#### [Task objective]
Your copy of the data should leave out the images and match everything else exactly.

#### [Collected material]
□ □ □ □ □

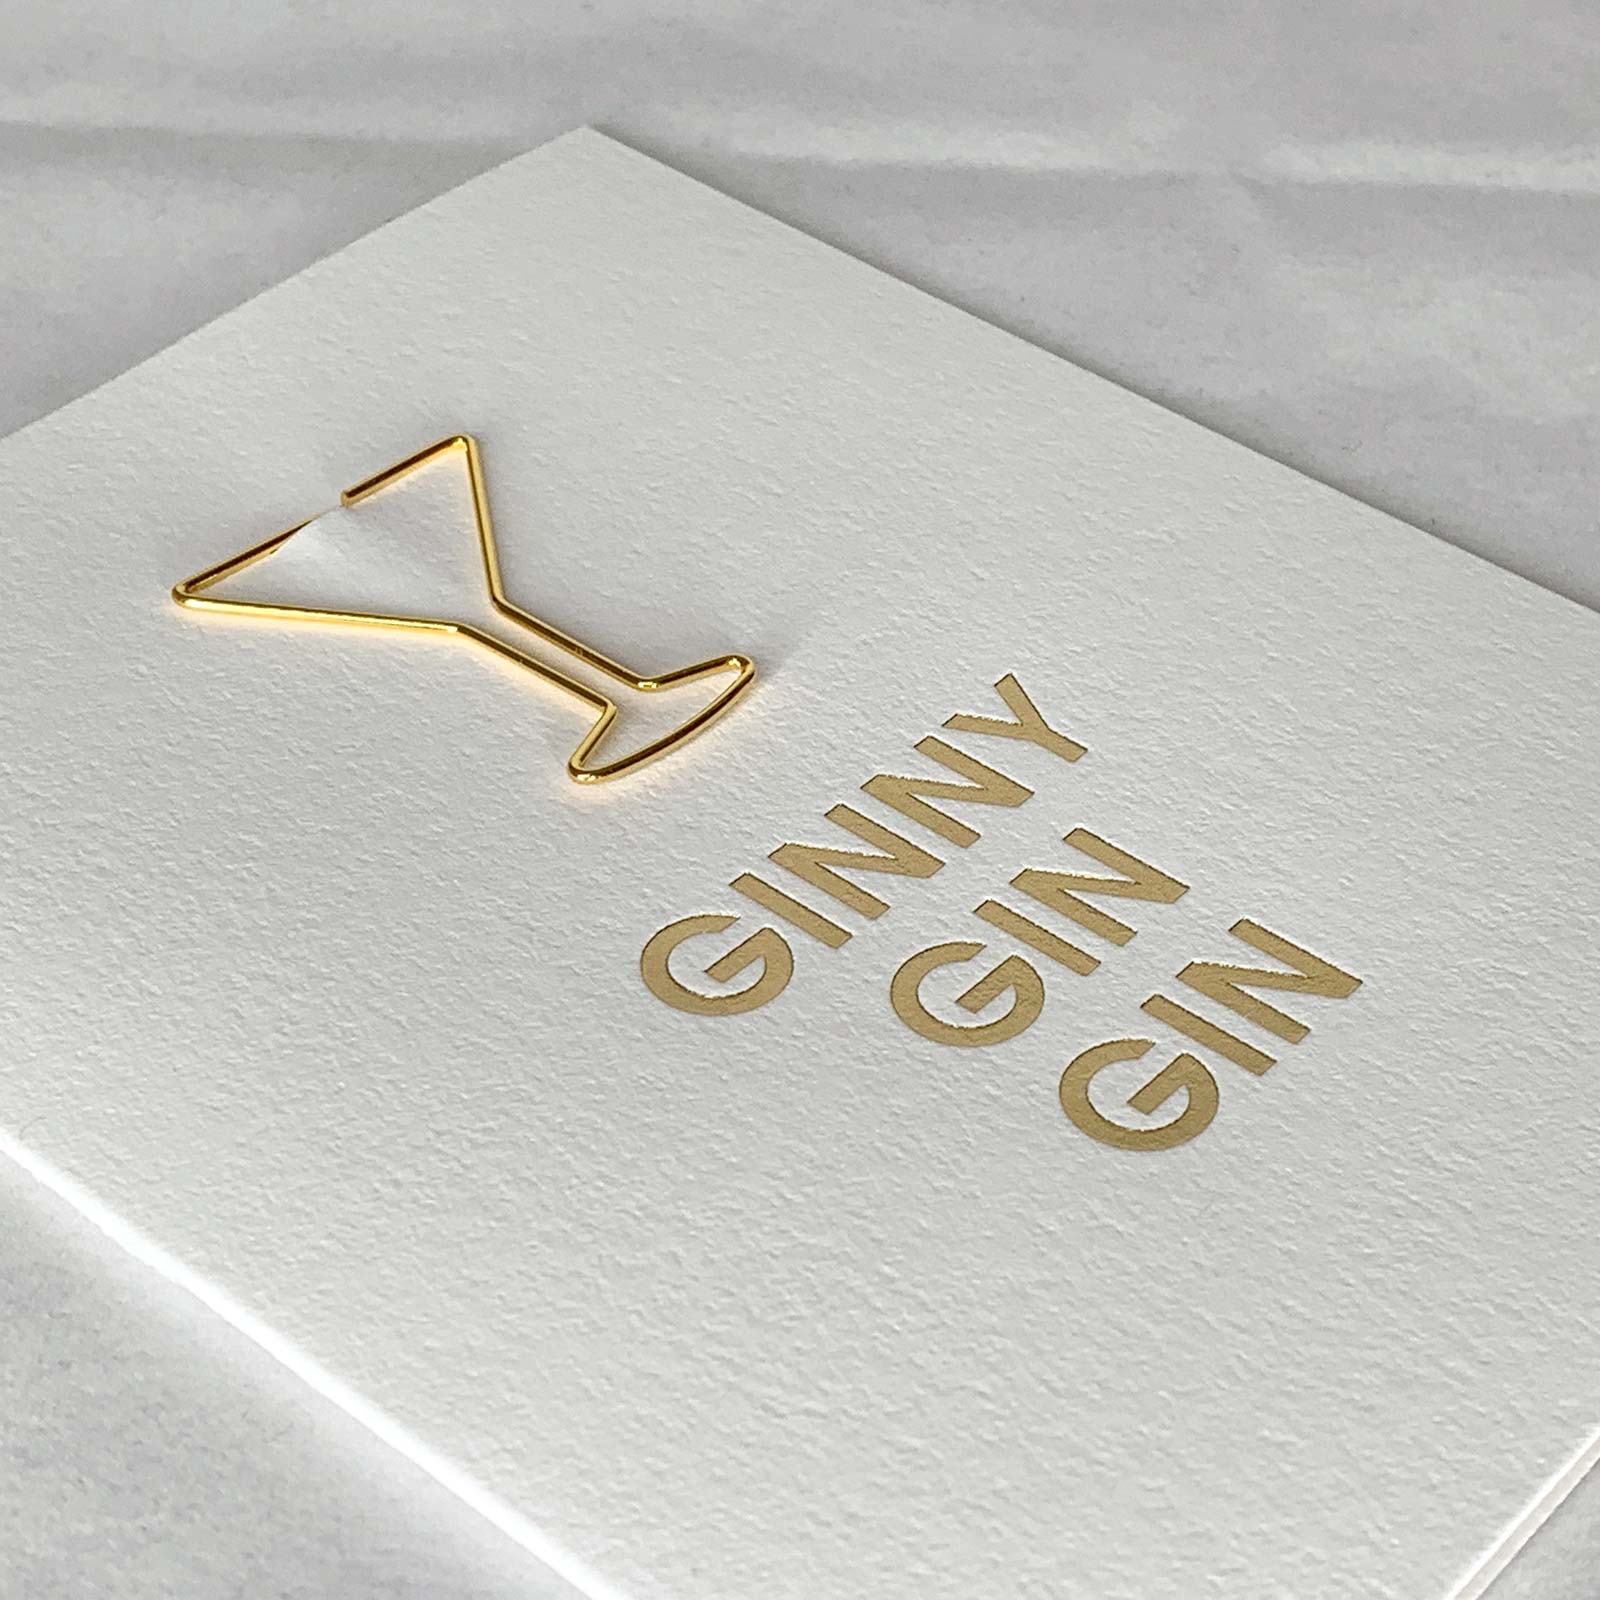 Ginny Gin Gin Friendship Martini Glass Paper Clip Letterpress Card Close Up
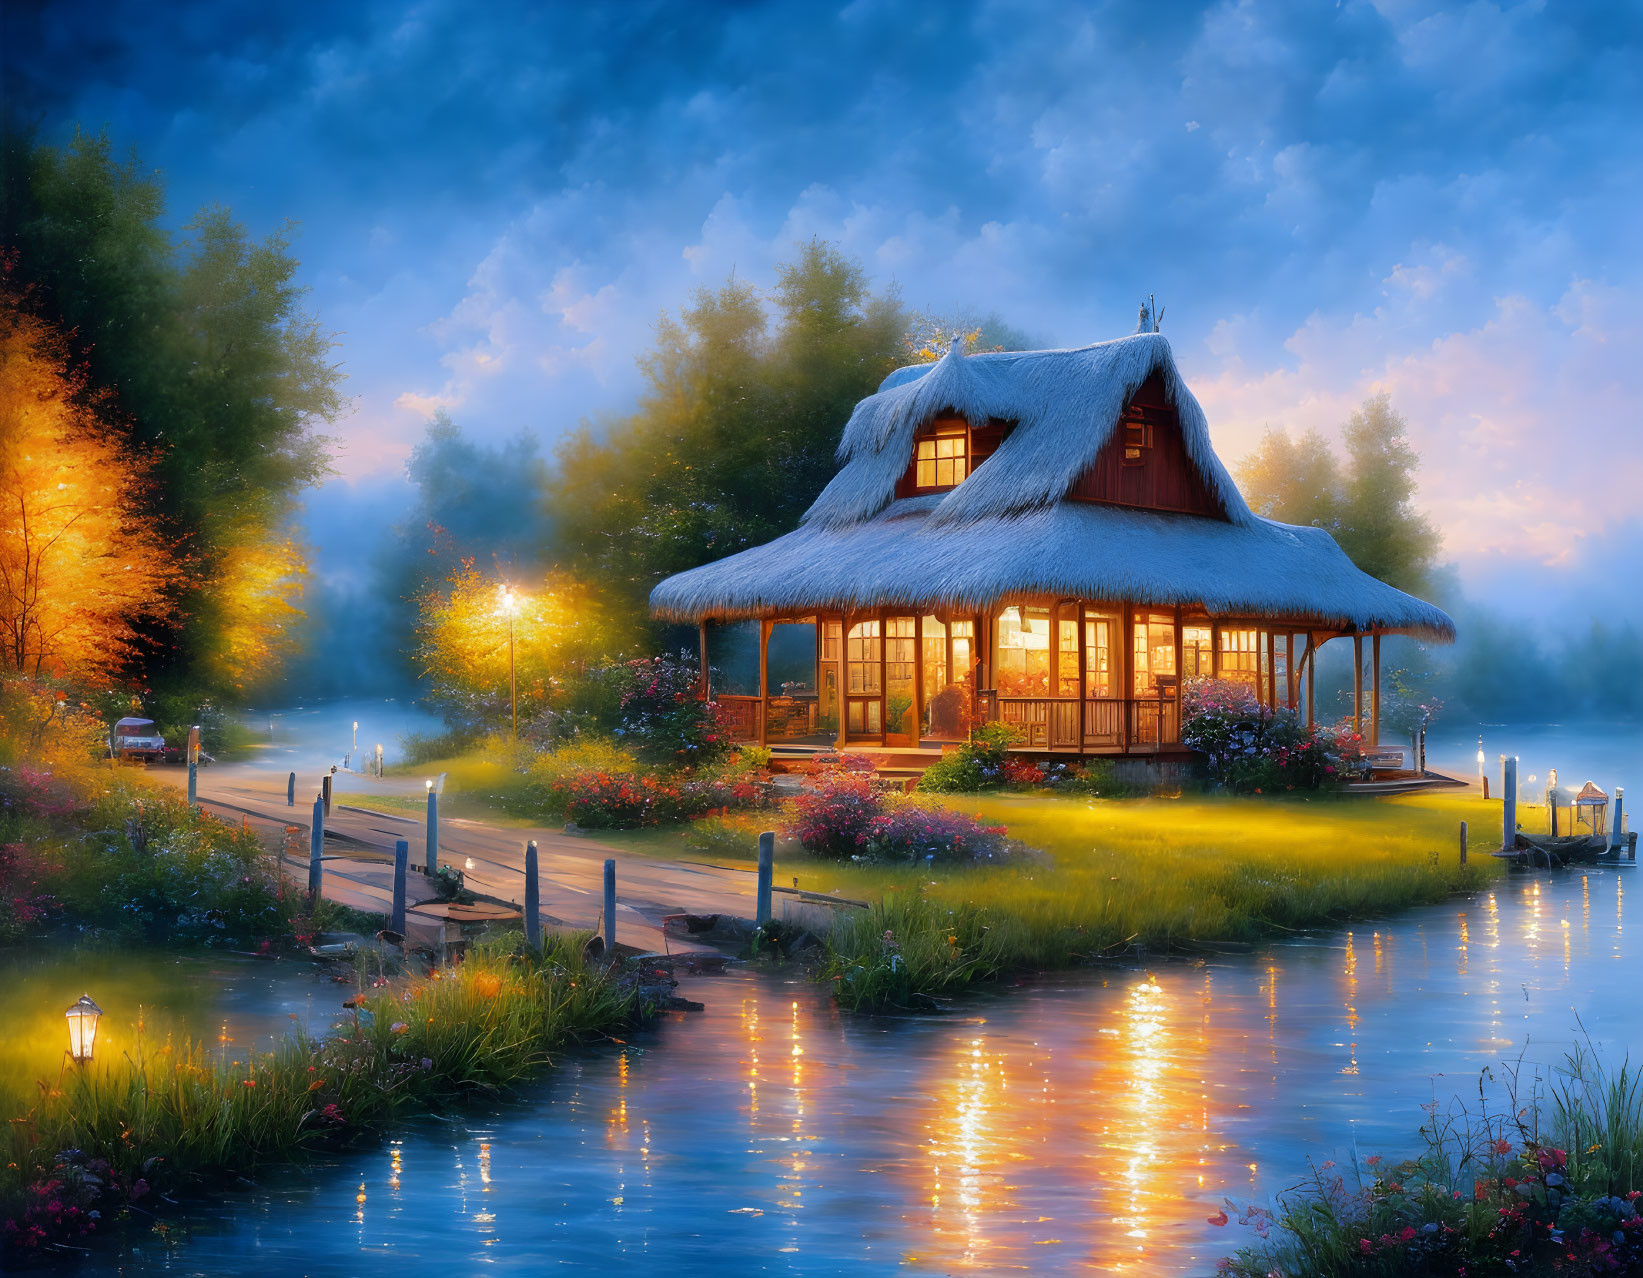 A beautiful hut on riverside
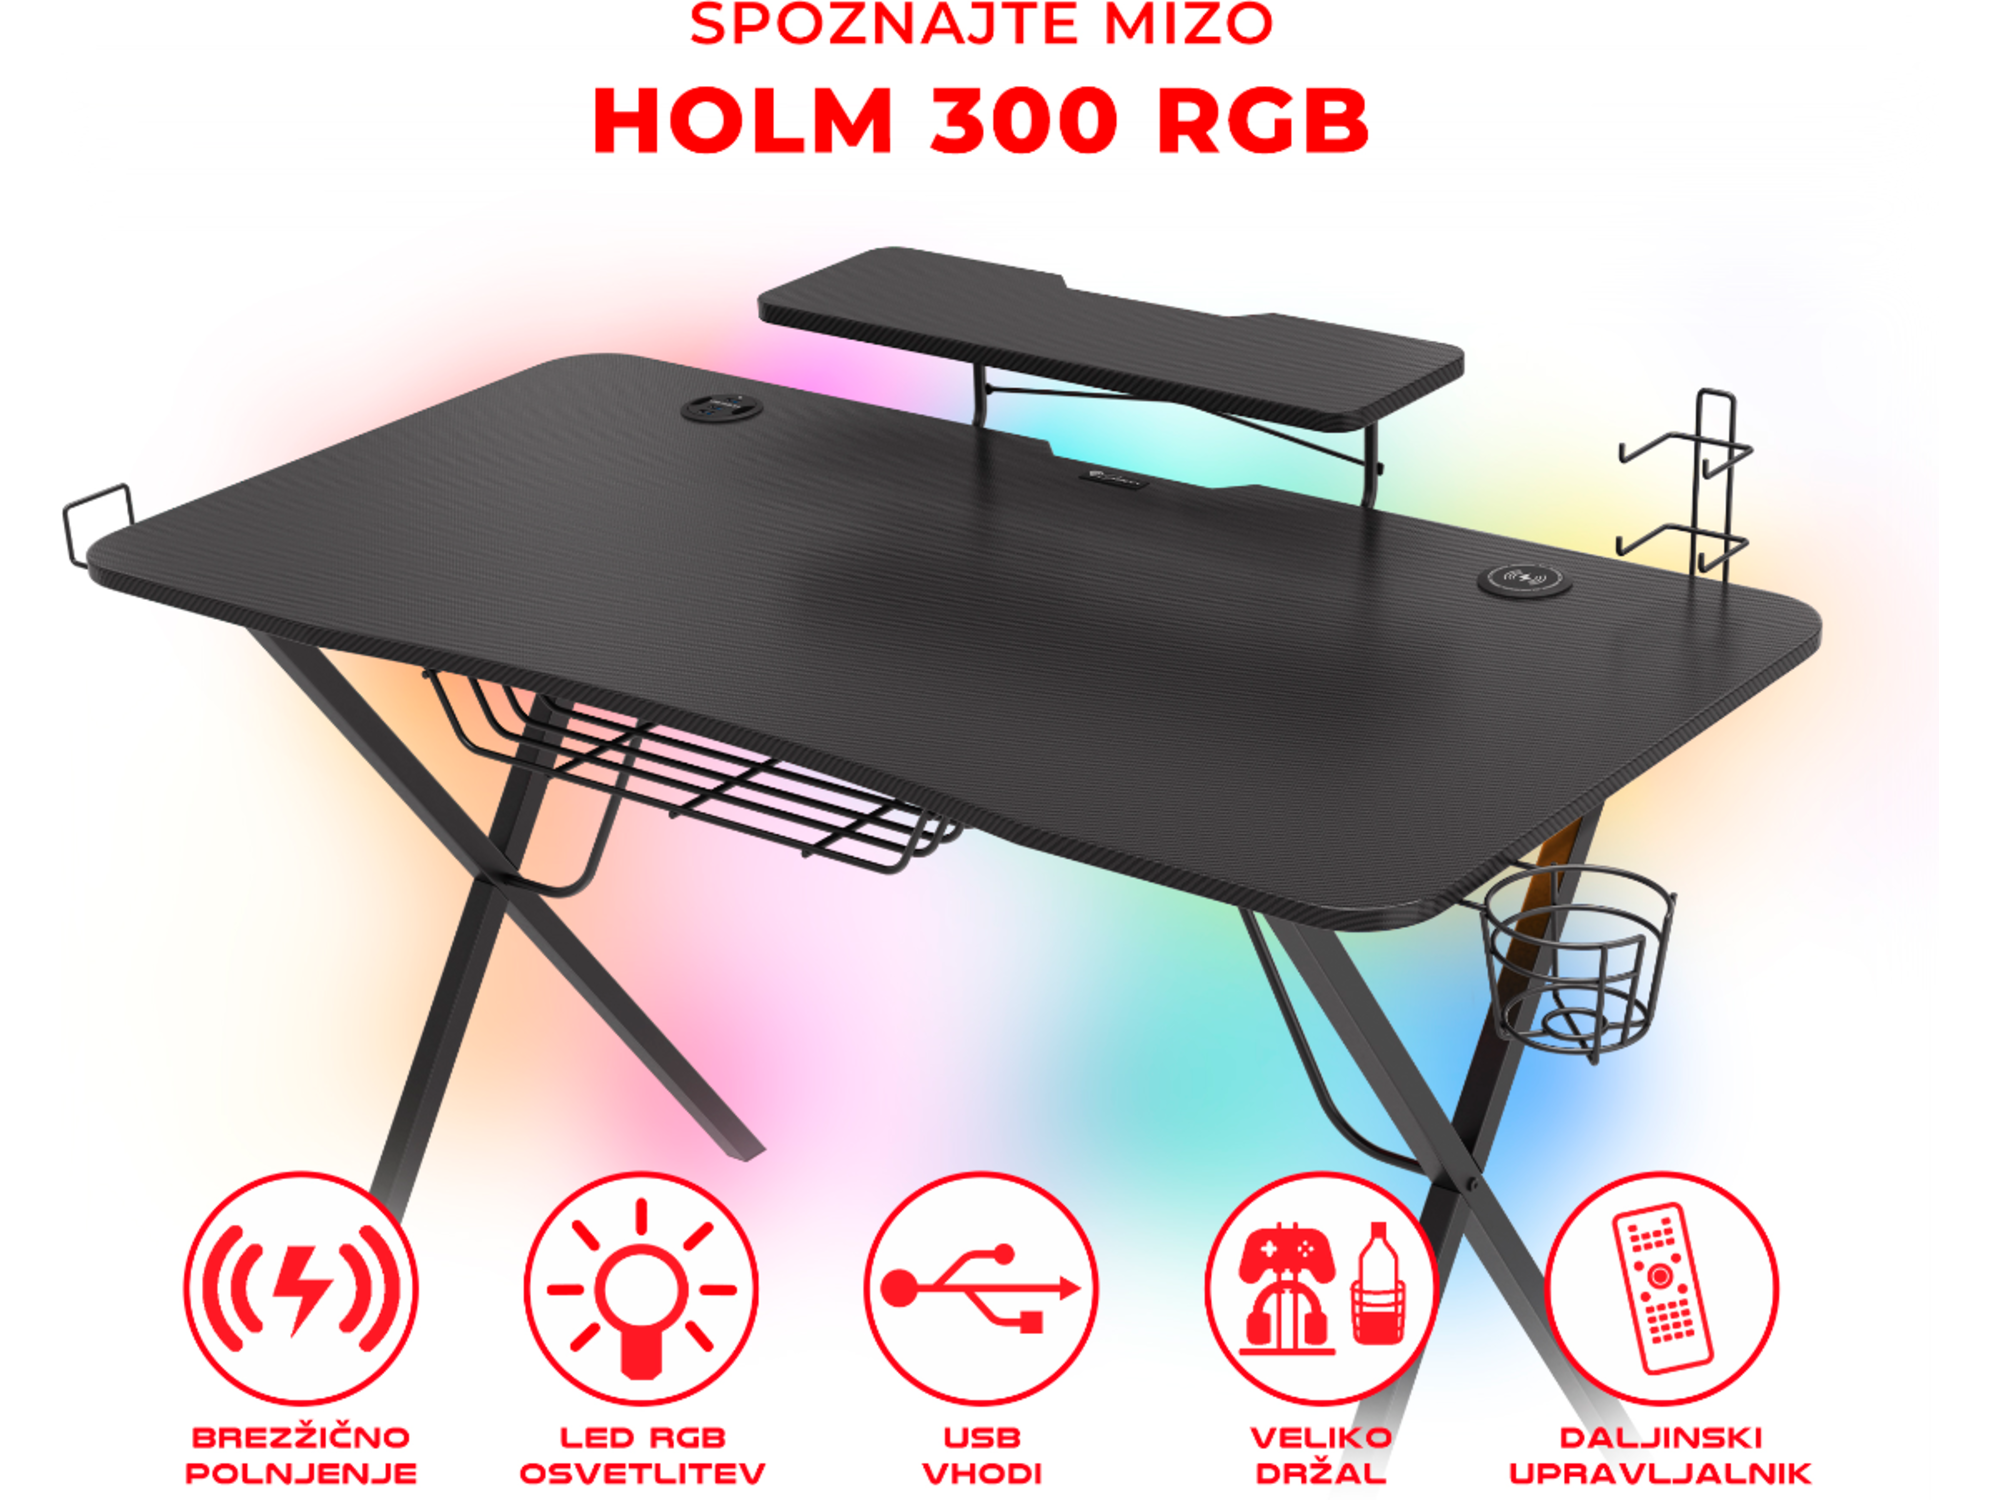 GENESIS profesionalna gaming miza HOLM 300 RGB

□ □ □ □ □

#### [Solution to this task]
 Ginny Gin Gin Friendship Martini Glass Paper Clip Letterpress Card Close Up
 A beautiful hut on riverside
 GENESIS profesionalna gaming miza HOLM 300 RGB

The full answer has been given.